INTERNATIONAL: Me and my market

Micky Denehy, chief executive of Guzel Sanatlar/Bates, Istanbul

Micky Denehy, chief executive of Guzel Sanatlar/Bates, Istanbul



Turkey, as a modern secular republic, is barely 70 years old, yet it

occupies a land, and inherits a legacy, the history of which spans two

of the world’s greatest empires: the Byzantine and Ottoman. The Turkish

language as it is today was created in a few weeks in 1923 by Ataturk

(the father of Turkey). It was he who forced the Latin alphabet and

phonetic western spelling onto an Arabic language that is still

traceable to its roots in Mongolia. It is definitely not a language to

lend itself to concise, modern copywriting.



Lying at the western end of the Silk Road, Turkey has a glorious trading

tradition based around its bazaars where western merchants sought exotic

eastern products. Turkey has always acted as a natural bridge between

Asia and Europe. Since joining the European Customs Union in 1996, a

move which effectively removes trade tariffs between Turkey and Europe,

Istanbul is witnessing the almost daily arrival of western companies

targeting Turkey’s 60 million inhabitants. These, plus an already

dynamic local economy, make Turkey one of the fastest growing consumer

markets in Europe.



Advertising in Turkey is a true mix of the Byzantine, Ottoman and

western European. Agency appointments are based on either intangible and

intricate Byzantine understandings, driven by Ottoman-type subterfuge or

even - for some - the result of a fair and professional pitch process.

And the creative product? Ten years ago, a fair description would have

been mad, noisy, and incomprehensible. Today the words brave,

unexpected, and sometimes incomprehensible would be accurate enough.
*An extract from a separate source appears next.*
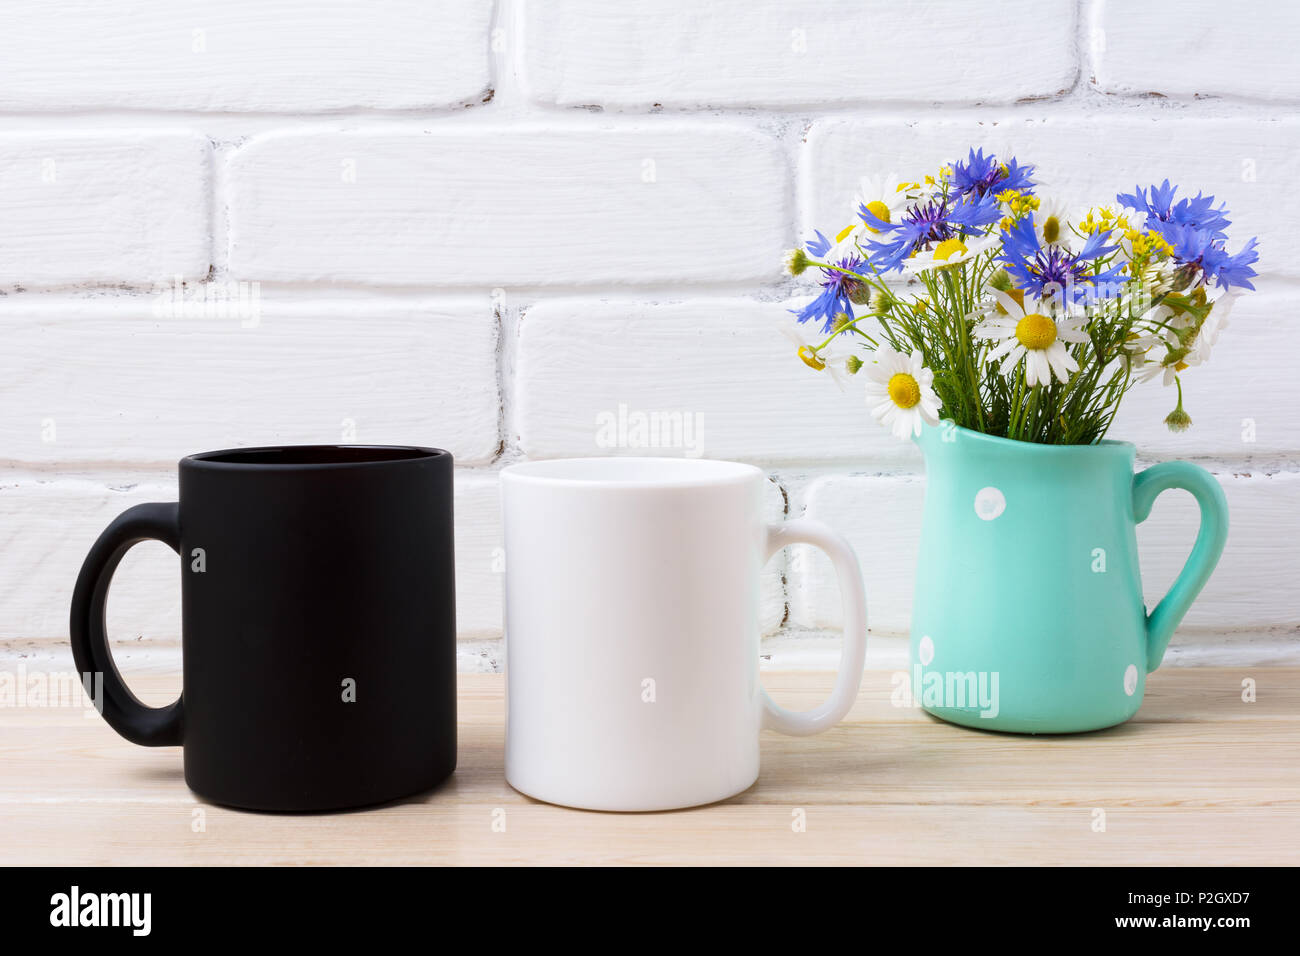 White and black coffe mug mockup with cornflower and daisy in the rustic pitcher vase.  Empty mug mock up for design promotion. Stock Photo

One of the most memorable and creatively awarded campaigns in 1996/7 was

for the recently launched Fanatik daily sports newspaper. The title does

as much justice to the mentality of Turkey’s football fans as it does to

the advertising campaign that supports it.



Using spot colour to highlight the colours of famous Turkish football

teams, the campaign portrays a wide variety of ‘fanatiks’. A baby with a

painted penis is a ‘born fanatik’, the painted fingernails of a girl

scratching her lover’s back illustrates ‘family fanatiks’, and the

painted teeth of a secretly smiling policeman represent a ‘secret

fanatik’. Such fanaticism helps sell a remarkable 300,000 copies a day.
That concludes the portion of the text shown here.